Beyond the Scoreboard: Why Automated Essay Scoring Needs a New Direction

Imagine a high school English teacher sitting at their desk on a Sunday evening. In front of them is a stack of 150 essays on “The Effects of Computers on Society.” Grading each one takes at least 10 minutes. That is 25 hours of work—just for one assignment.

This scenario is the driving force behind Automated Essay Scoring (AES). For over 50 years, researchers have been chasing the holy grail of Natural Language Processing (NLP): a system that can read a student’s essay and instantly assign a score that matches what a human expert would give.

In the last decade, we have seen massive leaps in performance. Fueled by deep learning and large datasets, modern AES systems are achieving correlation scores with human graders that were previously thought impossible. However, a recent position paper by researchers Shengjie Li and Vincent Ng from the University of Texas at Dallas suggests that the field might be running in the wrong direction.

In this deep dive, we will explore their paper, “Automated Essay Scoring: A Reflection on the State of the Art.” We will unpack how the obsession with beating benchmark numbers might be stalling real progress, and we will look at the seven distinct recommendations the authors propose to fix the future of essay grading.

The Status Quo: How AES Works Today

To understand the critique, we first need to understand the current “recipe” for AES research.

At its core, AES is a supervised learning problem. You have an input (an essay) and an output (a holistic score, usually on a scale, like 1-6).
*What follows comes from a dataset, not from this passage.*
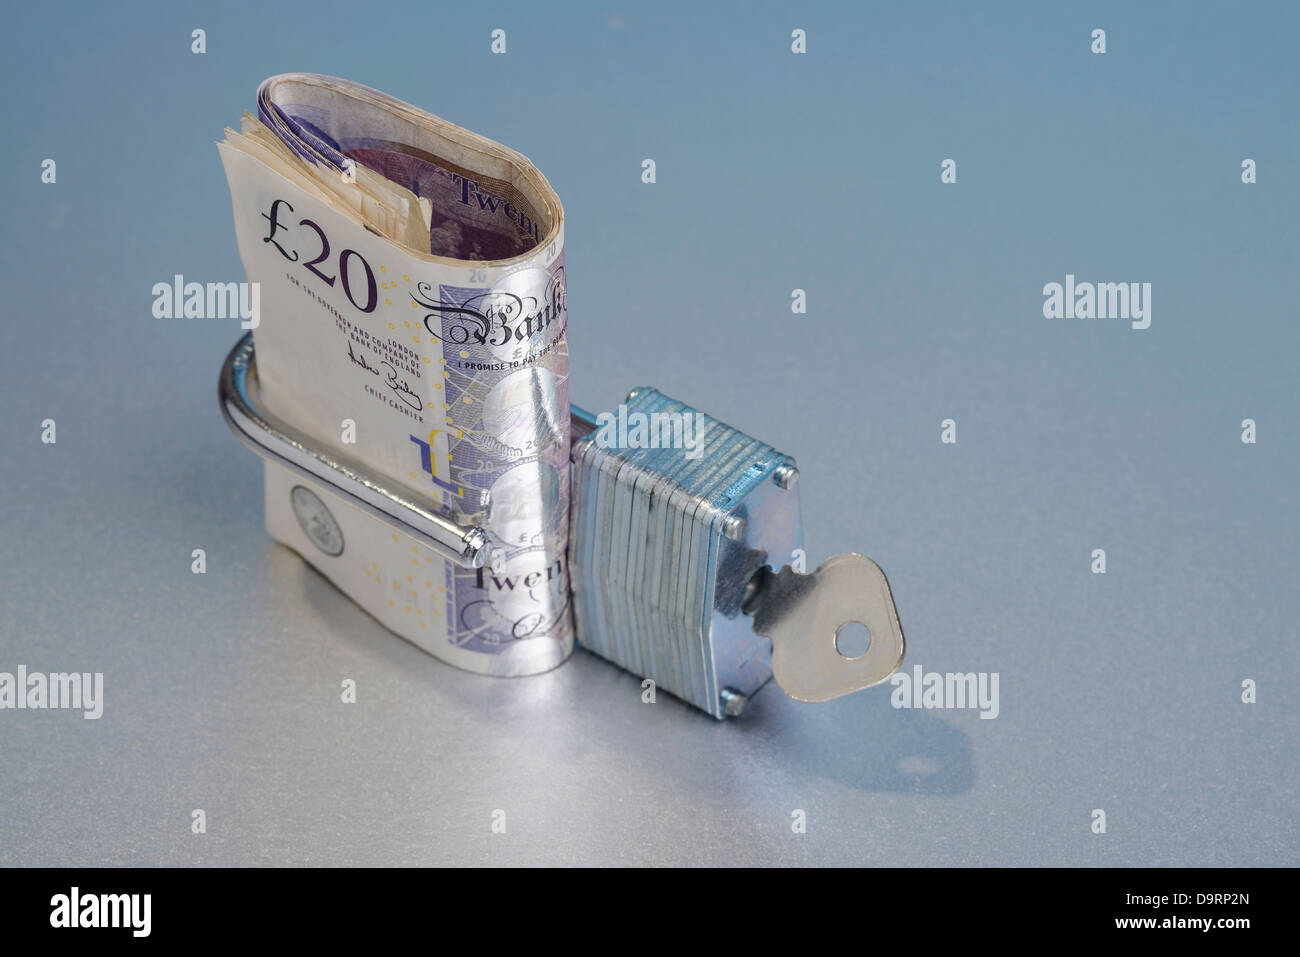 UK sterling £20 notes in an open padlock Stock Photo
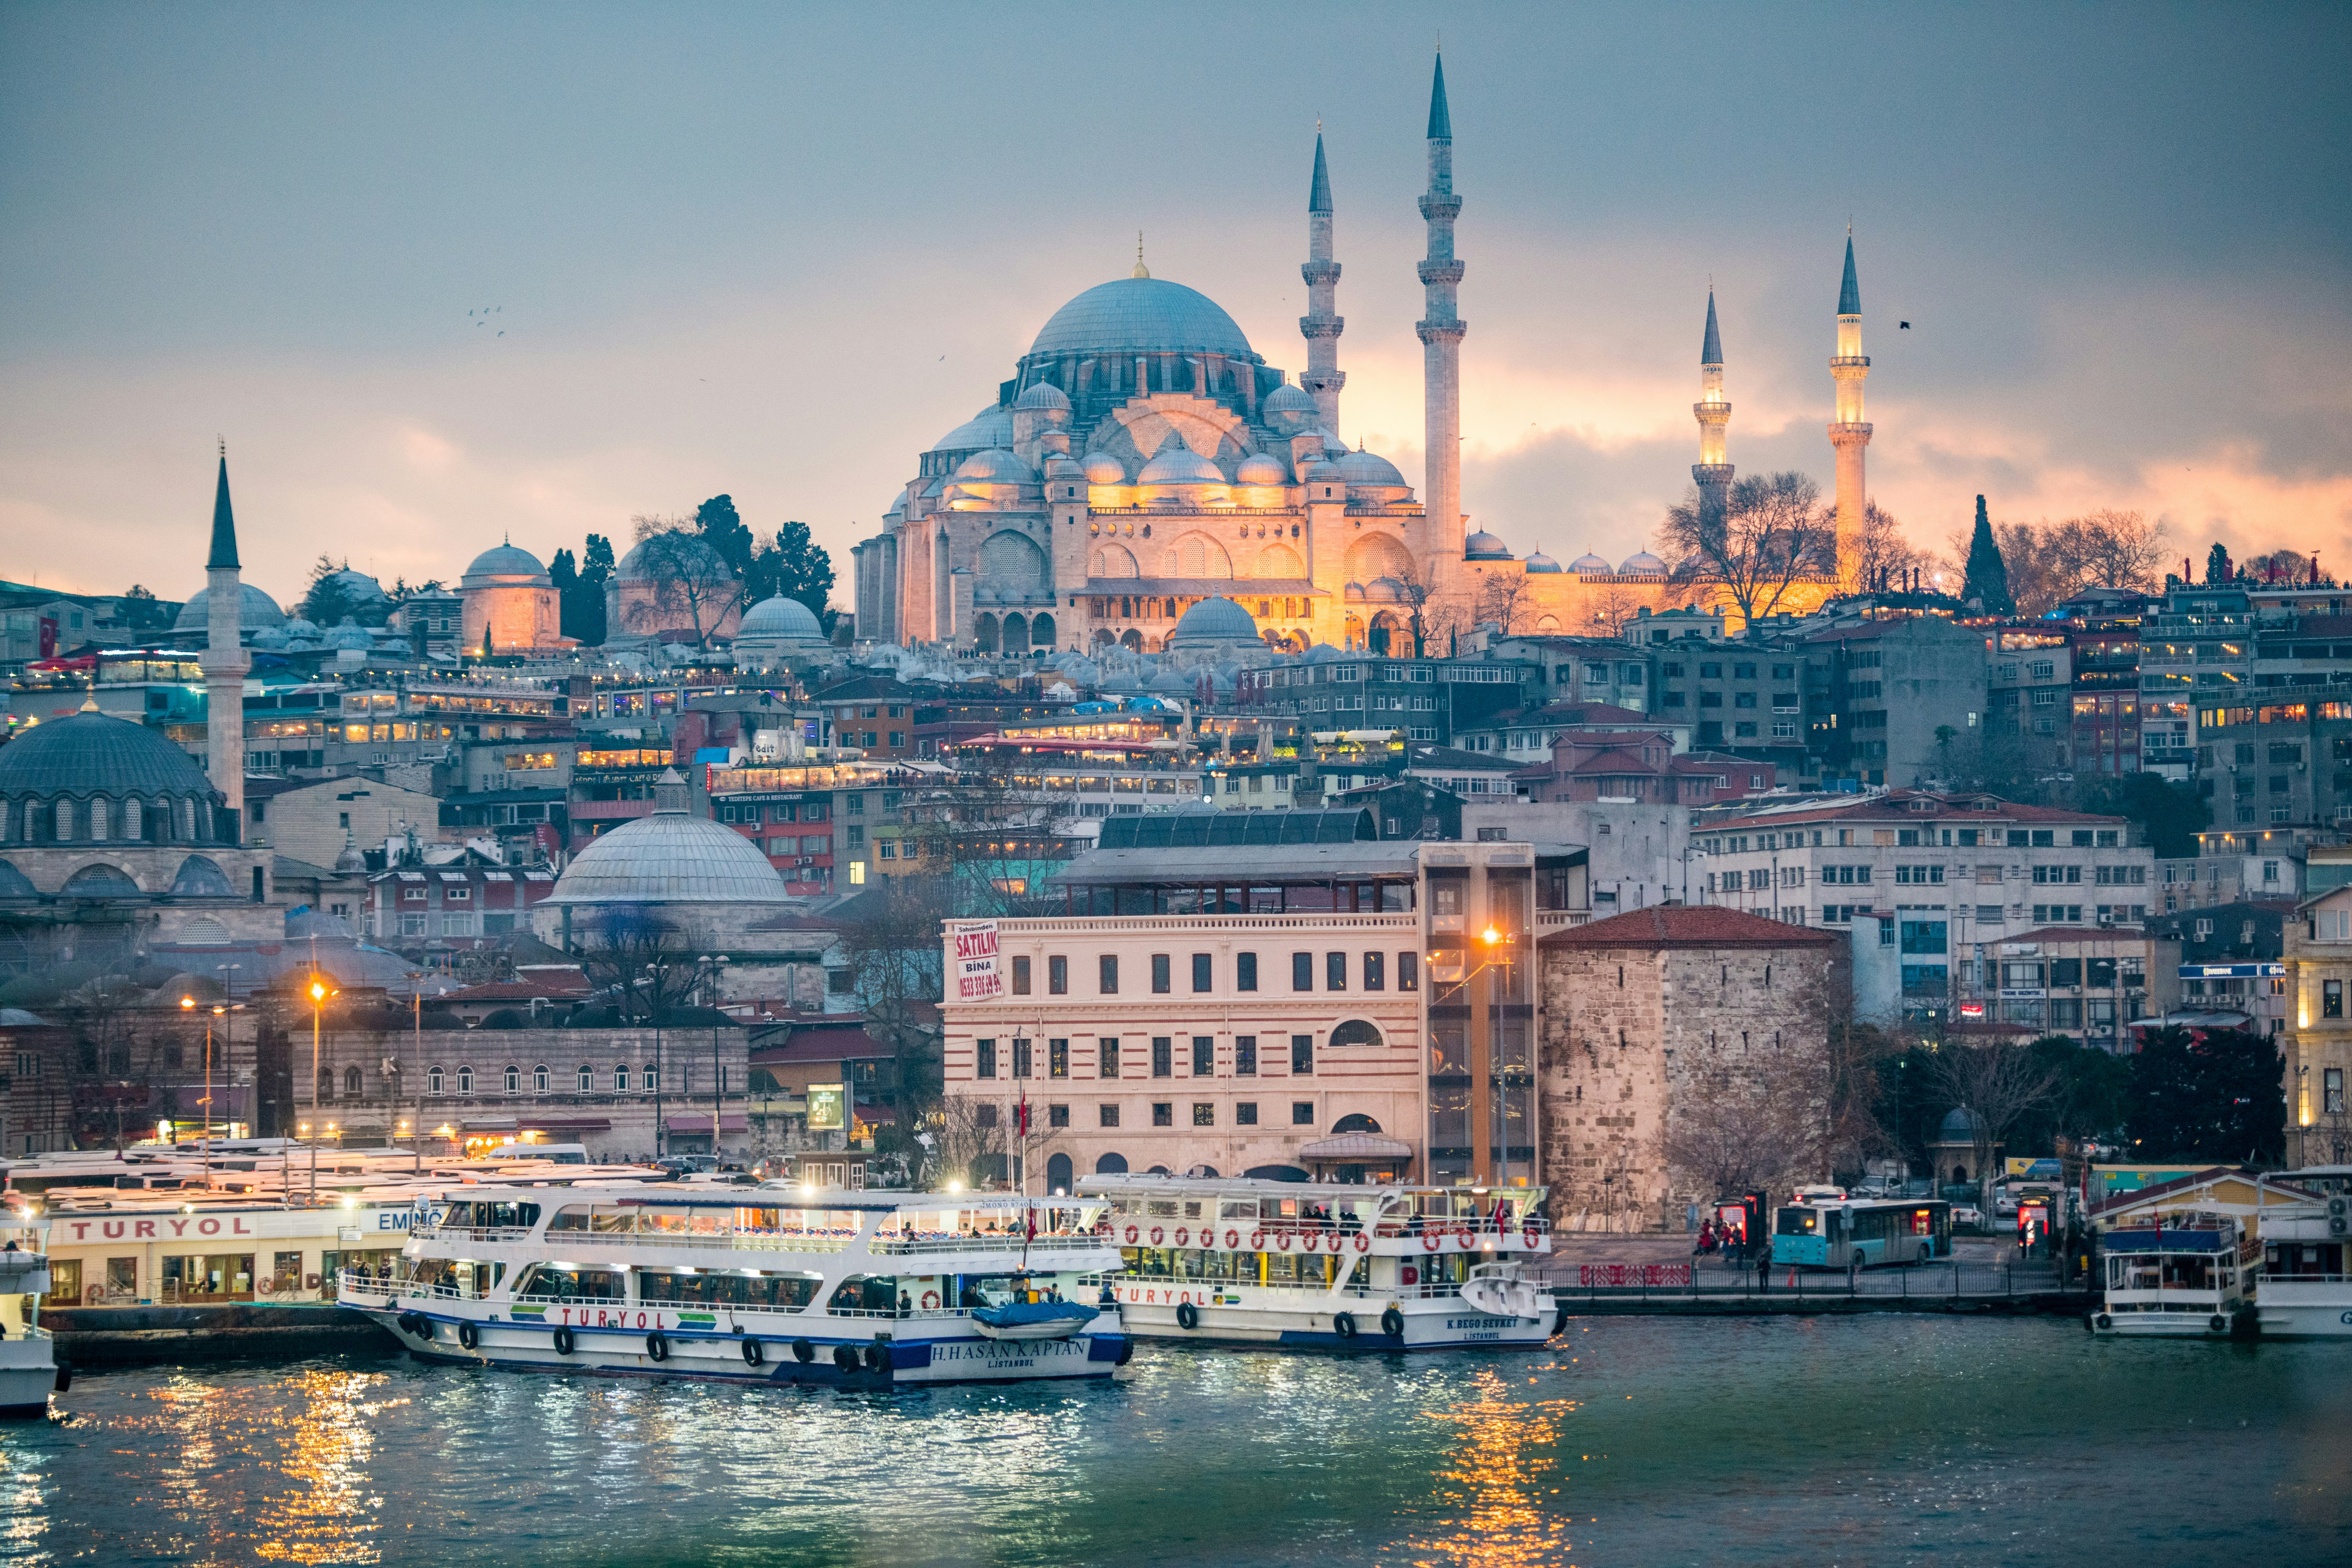 The glowing Süleymaniye Mosque sits on top of a hill overlooking the the city of Istanbul, Turkey, as street lights begin to illuminate the twilight skies. In front, a series of boats are visible.

The goal is to build a model that maps the text to the score.

The Ingredients

The Prompt: The specific question or topic the student is writing about.
The Essay: The student’s response.
The Rubric: The guidelines humans use to determine the quality of the writing.
The Score: The final integer value assigned to the work.

Let’s look at a concrete example from the paper to see what this data looks like in practice.

Table 1: A sample essay taken from Essay Set 1 of the ASAP corpus. The writing prompt is shown at the top. Table 2: Rubric for scoring essays in Essay Set 1 of the ASAP corpus.

As shown in Figure 1 above, we see a prompt asking students to write a letter to a newspaper about the effects of computers. The sample essay provided attempts to argue that computers benefit people by providing entertainment and communication.

However, if you read closely, you’ll notice the writing is repetitive (“So as you can see…”), the arguments are shallow, and the transitions are awkward. Based on the rubric in the bottom half of Figure 1, this essay received a Score of 3. It takes a position, but the support is inadequate.

A typical AES system ingests thousands of these examples. In the early days, researchers used heuristics—manually coding rules like “if the essay has 5 paragraphs, give it a higher score for Organization.” Later, the field moved to Machine Learning (ML) approaches, counting features like sentence length, vocabulary richness, and grammar errors.

Today, the standard is Deep Learning. Researchers use neural networks (like LSTMs or Transformers such as BERT) to learn a “representation” of the essay automatically. These models read the text and predict the score without needing manual feature engineering.

The Metric: Quadratic Weighted Kappa (QWK)

How do we know if a model is good? The industry standard metric is Quadratic Weighted Kappa (QWK).

QWK measures agreement between the computer and the human, but it’s smarter than simple accuracy. It penalizes “far misses” much more than “near misses.”

If a human gives a score of 4 and the computer guesses 3, that’s a small penalty.
If a human gives a score of 4 and the computer guesses 1, that’s a massive penalty.

This metric dominates the field. A successful paper in AES usually follows a predictable pattern: propose a new neural architecture, run it on the standard dataset, and show that your QWK is 0.01 higher than the previous state-of-the-art model.

The Problem: The “Leaderboard” Trap

The authors argue that this focus on incrementally improving QWK on a single dataset is dangerous. It encourages “thinking small.”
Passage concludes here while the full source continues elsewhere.